Loyal is ~12 months away from our projected launch of our first product to market. We are seeking an experienced Clinical Research Associate to join the Veterinary Operations team that achieves its mission through developing veterinary partnerships, engaging with the veterinary community through education, ensuring excellence in the science behind our products, executing clinical trials and studies.

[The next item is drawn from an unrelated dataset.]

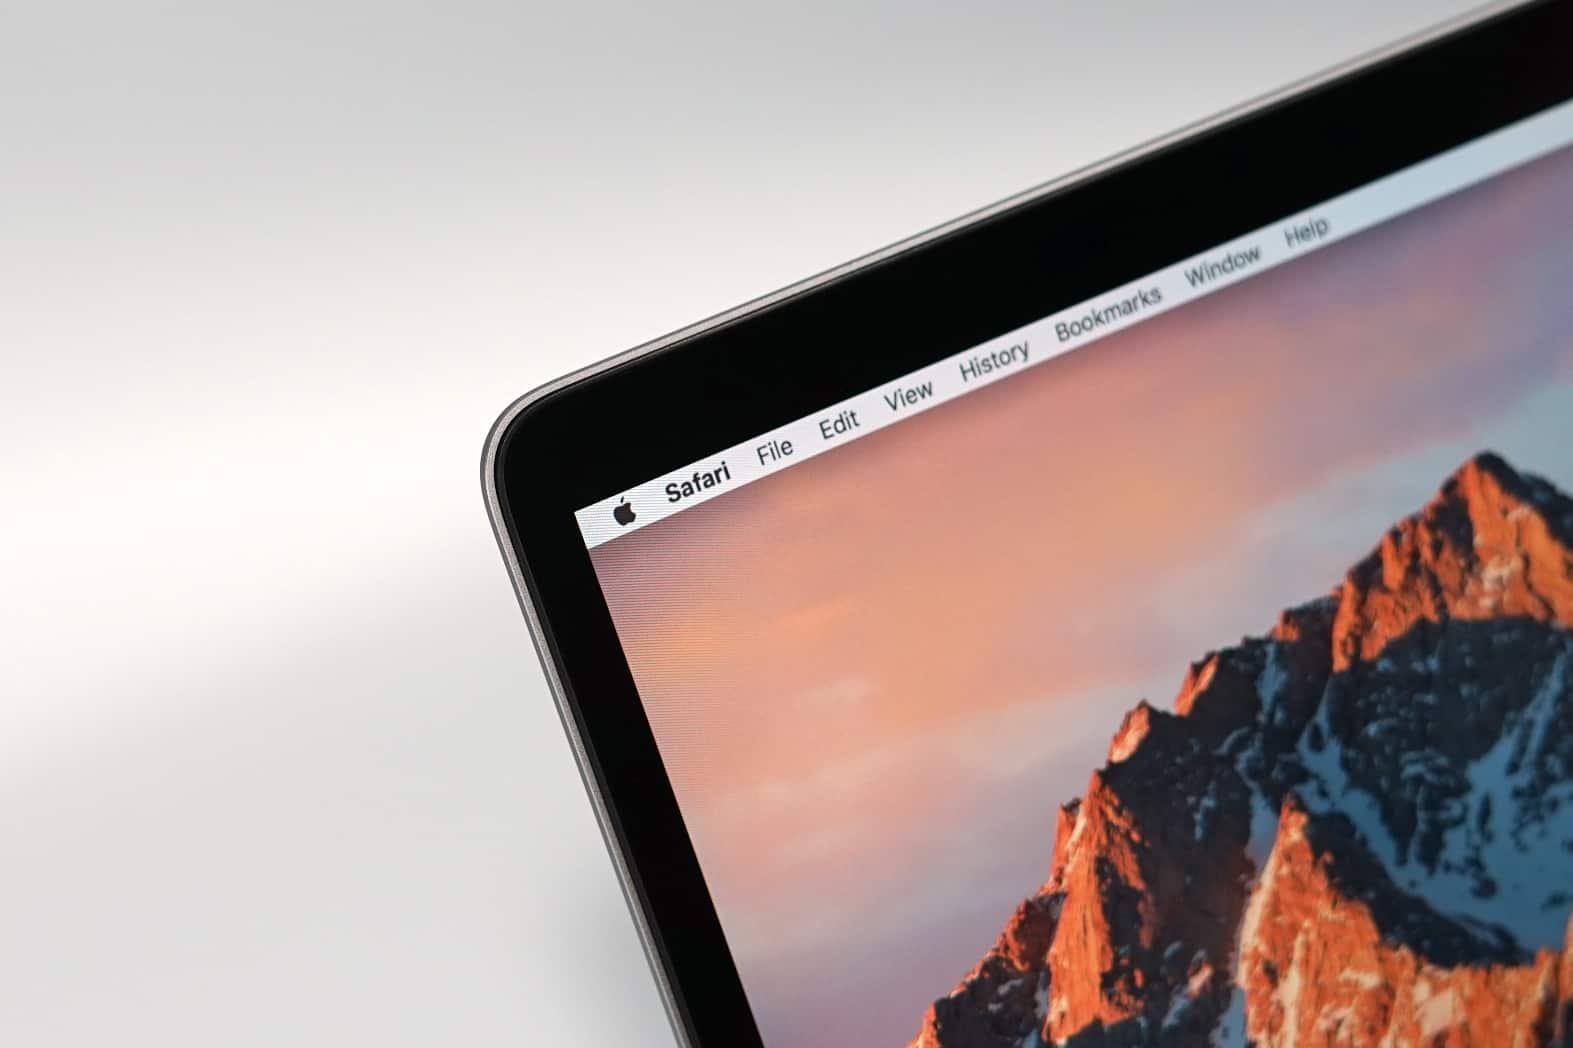 macbook pro mpxt2

Your work will drive us closer to our objectives of bringing the drugs to the market.


You will be reporting directly to the Director of Clinical Operations.


Your daily work will include

  • Be the face of the company with the clinic and building trusting relationships and positive experiences for study vets, vet techs, site staff and pet owners in accordance with the Loyal Service Level Expectations (SLEs).
  • Serve as the primary point of contact for assigned study sites.
  • Perform clinical monitoring activities (site qualification, initiation, interim monitoring visits and closeouts) and provide overall site management ensuring compliance with Good Clinical Practices (GCP) and applicable regulations.
  • Develop and maintain necessary documentation (e.g., Standard Operating Procedures (SOPs) and Work Instructions (WINs)) and tracking including but not limited to communication records, visit reports, study tools and forms, and performance and reference tracking.
  • Provide training and support to site investigators and staff.
  • Provide exceptional support with site and subject recruitment strategies in alignment with regulatory guidance.
  • Ensure compliance with FDA CVM, VICH-GCP, and study protocols.
  • Review and reconcile site and Investigator binders and the Trial Master File.
  • Develop a study site database for recruitment purposes.
  • Partner with the Clinical Operations Team to facilitate investigational product supply and management at the study and site level.
  • Assist in creating and maintaining metric reports and participating in cross-functional collaboration as needed.
  • Facilitate vendor support for site study services and supplies. 
  • Contribute to the development of clinical trial processes.
  • Appropriate and accurate use of eDC and other auditable trial documentation systems. Inclusive of timely submission of enhancement requests or bug fixes to facilitate continuous improvement.
  • Perform User Acceptance Tests of eDC systems 
  • Identify and participate in the selection of study sites and laboratories for clinical studies.
  • Work in collaboration with data management, statisticians, regulatory affairs and quality assurance.
  • Assist in preparing study files for regulatory agency submission.
  • Attend and represent the company at conference events. (e.g., In the Loyal booth).


Work experience and education requirements

  • Bachelor’s degree or equivalent experience required, preferably in animal science, biology, veterinary, or related life sciences.
  • Excellent communication, presentation, and interpersonal skills.
  • Exceptional organizational and follow-up skills, as well as attention to detail.


Preferred but not required:

  • Experience working with VICH GCP studies
  • Experience in clinical research and/or product development in animal health
  • Certifications such as CVT,LVT,RVT, or CVPM.


Reasons you might not like this role

  • Fast-paced, rapidly scaling startup environment.
  • We are still relatively new, therefore many systems are either not in place or being iterated on. 
  • We may be comfortable with more ambiguity and uncertainty than you are used to, as we like to test hypotheses early. You will have to be comfortable taking full responsibility for your area of expertise, with support and guidance from the rest of the team and company.
  • You will need to be comfortable adapting to change, and operating in a fast-paced, highly regulated environment.
  • Building and troubleshooting processes from scratch.
  • You will need to be creative in solving problems, especially those without precedent.
  • Building difficult things is…difficult. The process forward is not always linear.
  • We continually find ways to enhance hybrid remote working and communication.